Esta imposición, sin embargo, no resulta demasiado estrepitosa si tenemos en cuenta el papel fundamental que deberían tener las políticas de responsabilidad social en las empresas. La perspectiva empresarial habitualmente obvia que sus actividades no solo conciernen a sus directivos, trabajadores, partícipes o accionistas, sino que a la vez tienen efectos sobre terceros, sobre otras “partes interesadas”. Estas partes son todas aquellas personas (físicas o jurídicas) que no forman parte de la empresa pero que están implicadas en su funcionamiento: las administraciones públicas (en tanto que utilizan sus infraestructuras y servicios), los contribuyentes del territorio en concreto (en la medida en que ellos son los que financian las infraestructuras y los servicios públicos que utilizan), y, por último, la gente que vive en aquellos lugares que se ven afectados por las actividades que la empresa en concreto lleva a cabo.
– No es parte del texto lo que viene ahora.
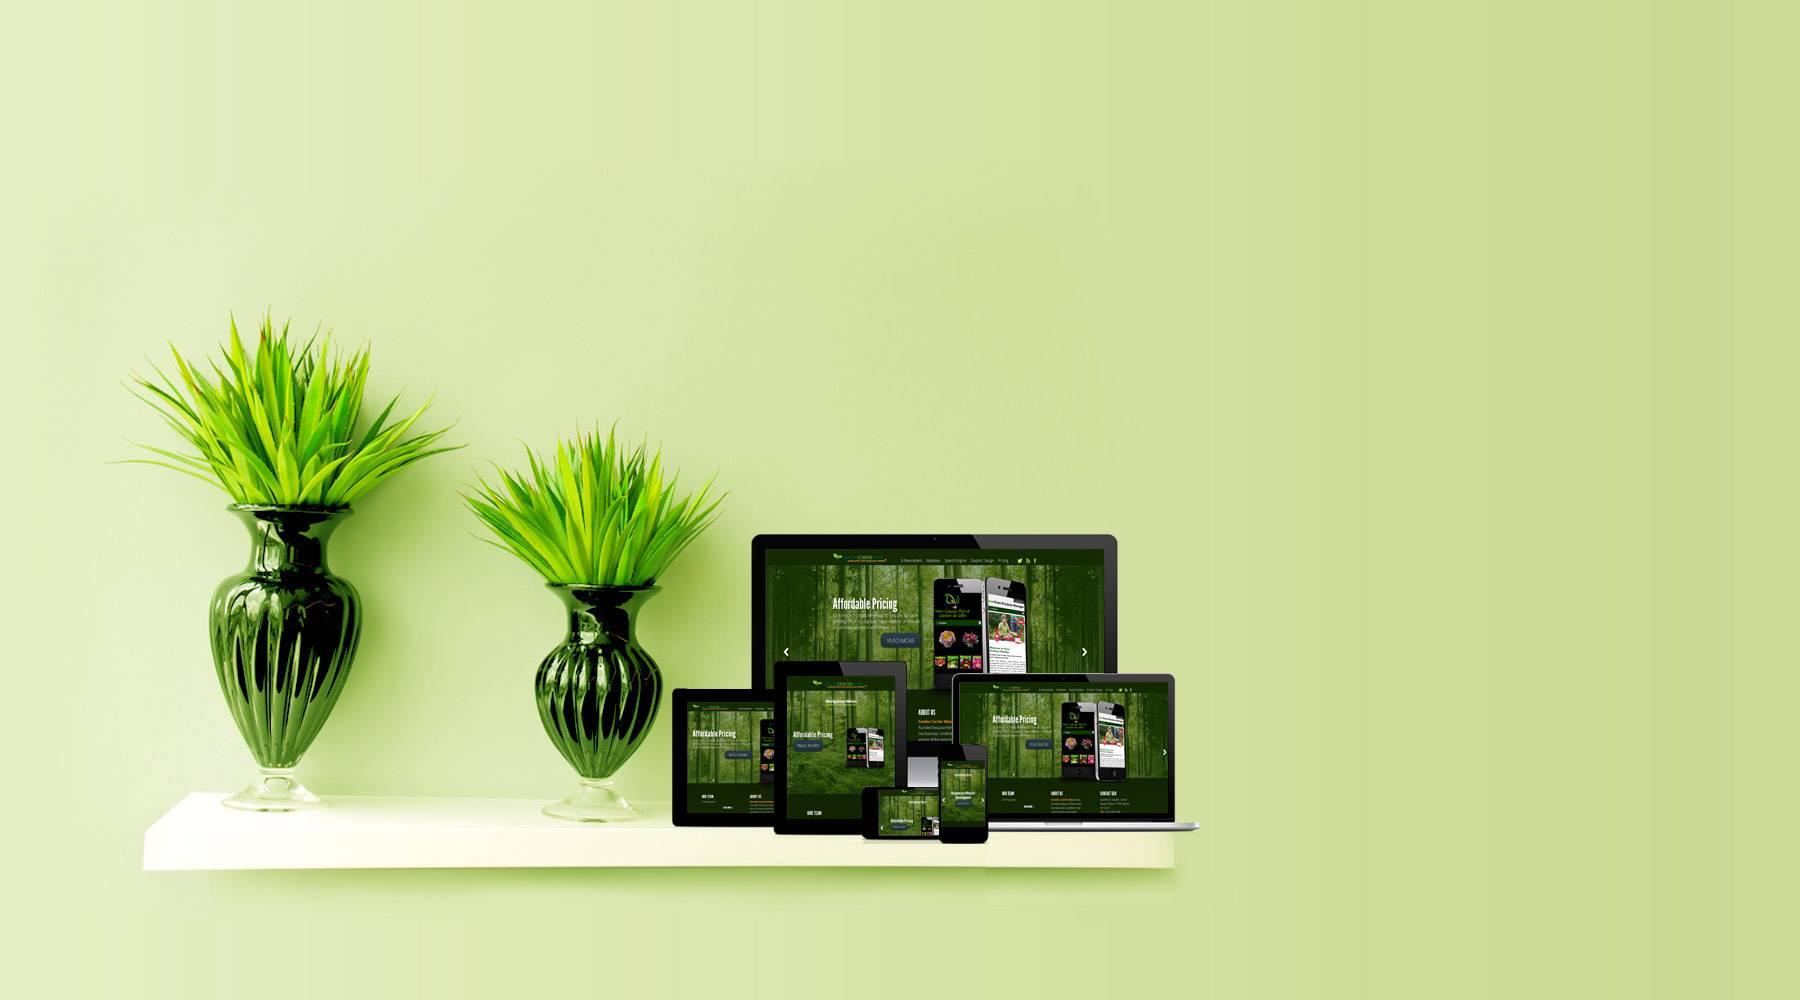 garden-center-marketing-site-affordable-pricing

En este sentido, la legislación catalana ya otorga competencias a los municipios para promover la responsabilidad social por parte de las empresas privadas. En concreto, el artículo 17.3 de la Ley 18/2007 del derecho a la vivienda establece que la edificación de uso residencial –sea nueva construcción o rehabilitación de edificios– se pueda destinar total o parcialmente a viviendas de protección oficial. Por lo que el legislador ya contemplaba entonces la posibilidad de imponer parámetros a una actividad empresarial despegada de las necesidades sociales en materia de vivienda.
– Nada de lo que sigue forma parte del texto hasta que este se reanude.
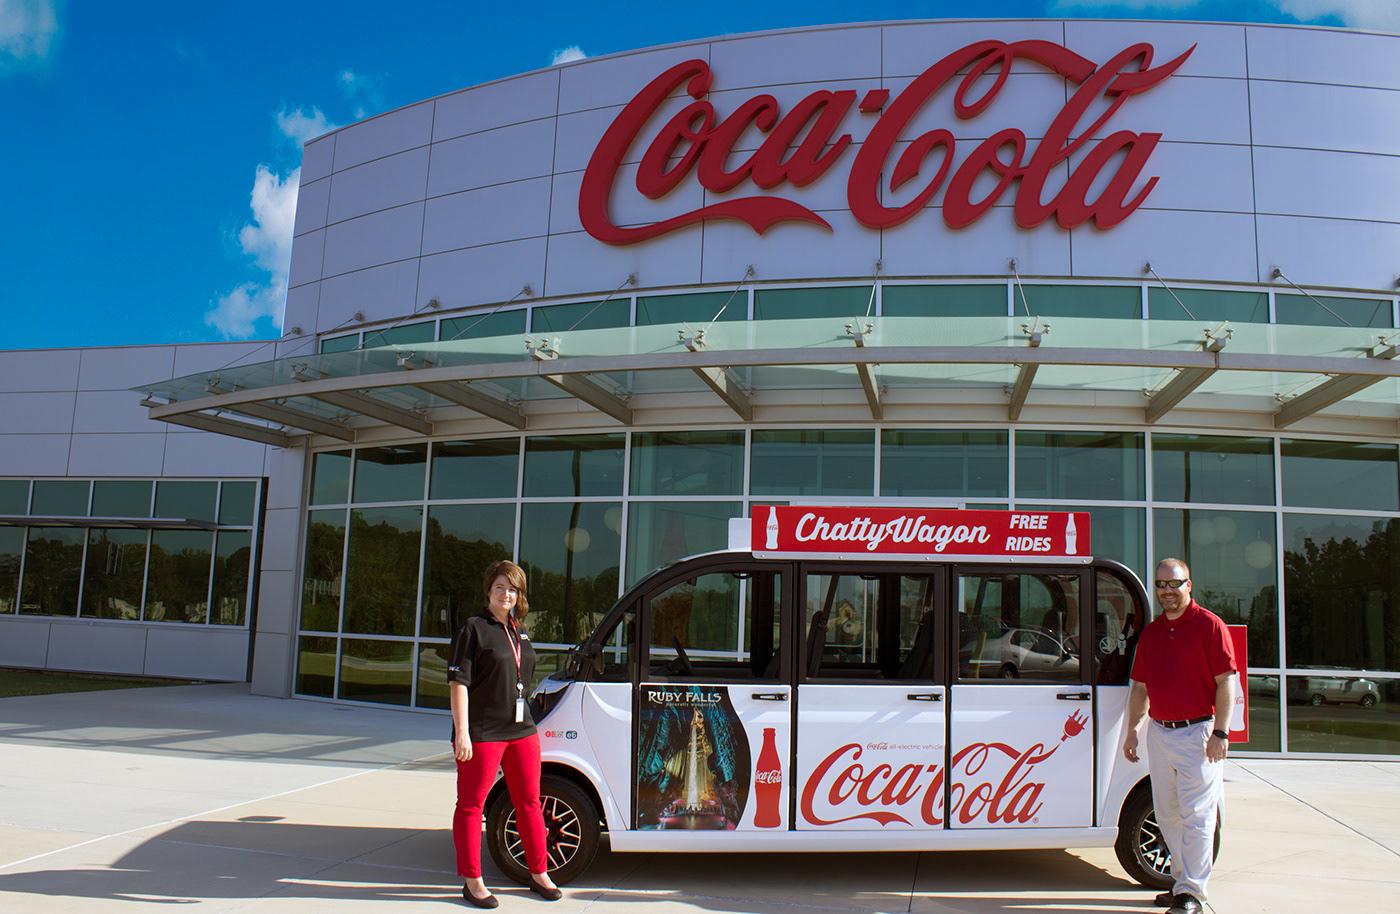 Coca-Cola chattanooga Vehicle Wrap

Desde hace décadas, la responsabilidad social –y medioambiental– de la empresa, se impuso como un criterio esencial para la buena dirección empresarial. El empresario debía incluir en su plan estratégico a los agentes sociales interesados en su actividad, con el objetivo de evitar conductas irresponsables que les perjudicaran el desarrollo de su actividad económica: mala reputación, protestas constantes, litigios jurídicos, mala relación con las administraciones, etc.
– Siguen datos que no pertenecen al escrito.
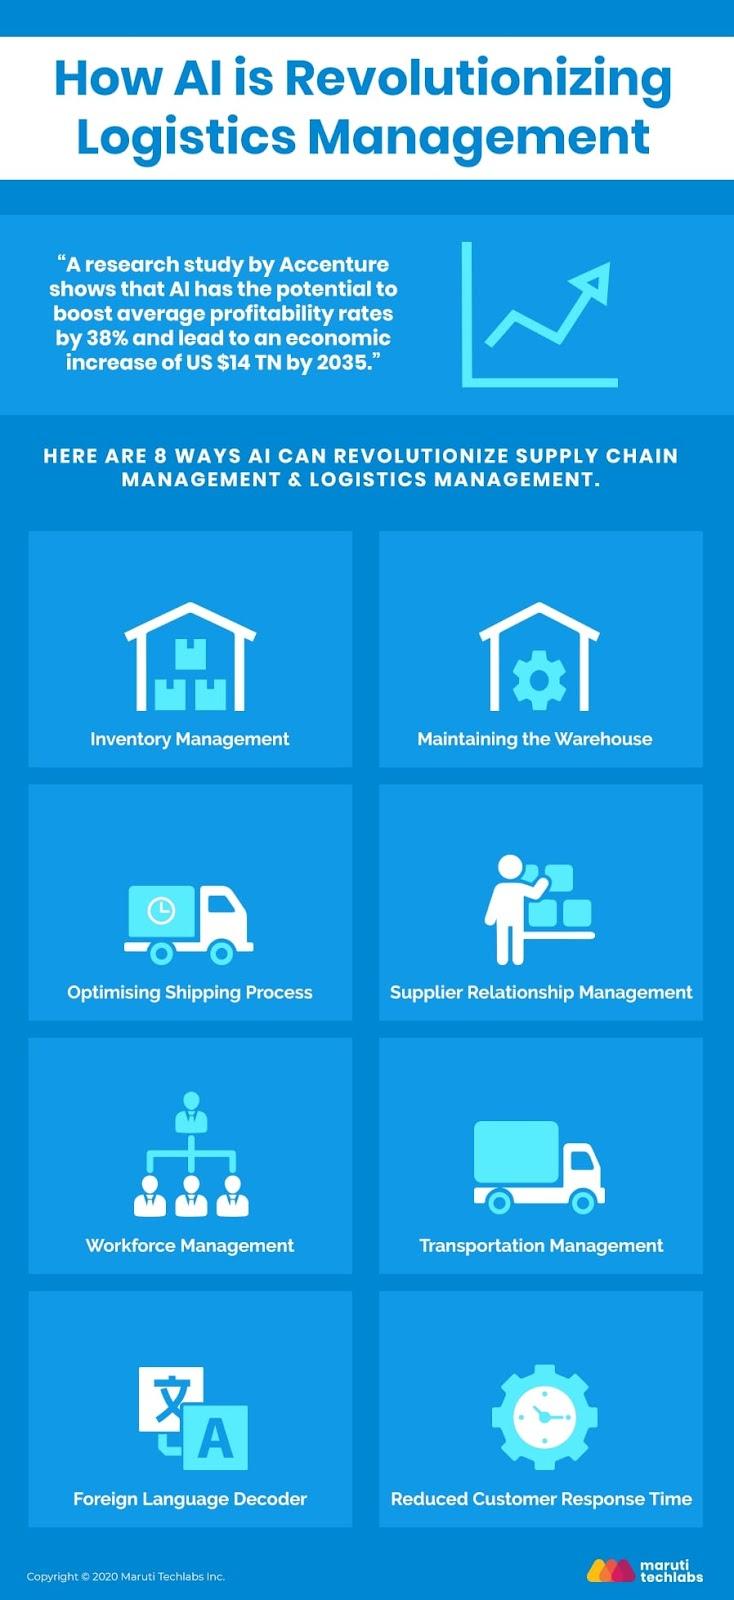 how-ai-is-revolutionizing-logistics-management

Entonces, ¿Por qué una medida que promueva la responsabilidad social tiene que resultar menos lucrativa para el sector empresarial? Dicho de otra forma, ¿Por qué la rentabilidad tiene que calcularse exclusivamente en términos económicos cuando beneficia a un gran sector de la población? Salir de la perspectiva exclusivamente técnica y empresarial también puede traducirse en beneficios mucho más durables, coherentes y, sobretodo, socialmente responsables para los promotores, constructores e inversores de la ciudad. Sacrificar una pequeña cantidad de su rentabilidad a favor de aumentar una vivienda digna y asequible para una mayor cantidad de vecinos en Barcelona puede resultar en crecientes beneficios a largo plazo. Bien haría el sector empresarial en aprovechar esta oportunidad para que la sociedad vuelva a recuperar la confianza en un sector que perdió mucha credibilidad desde la crisis de 2008.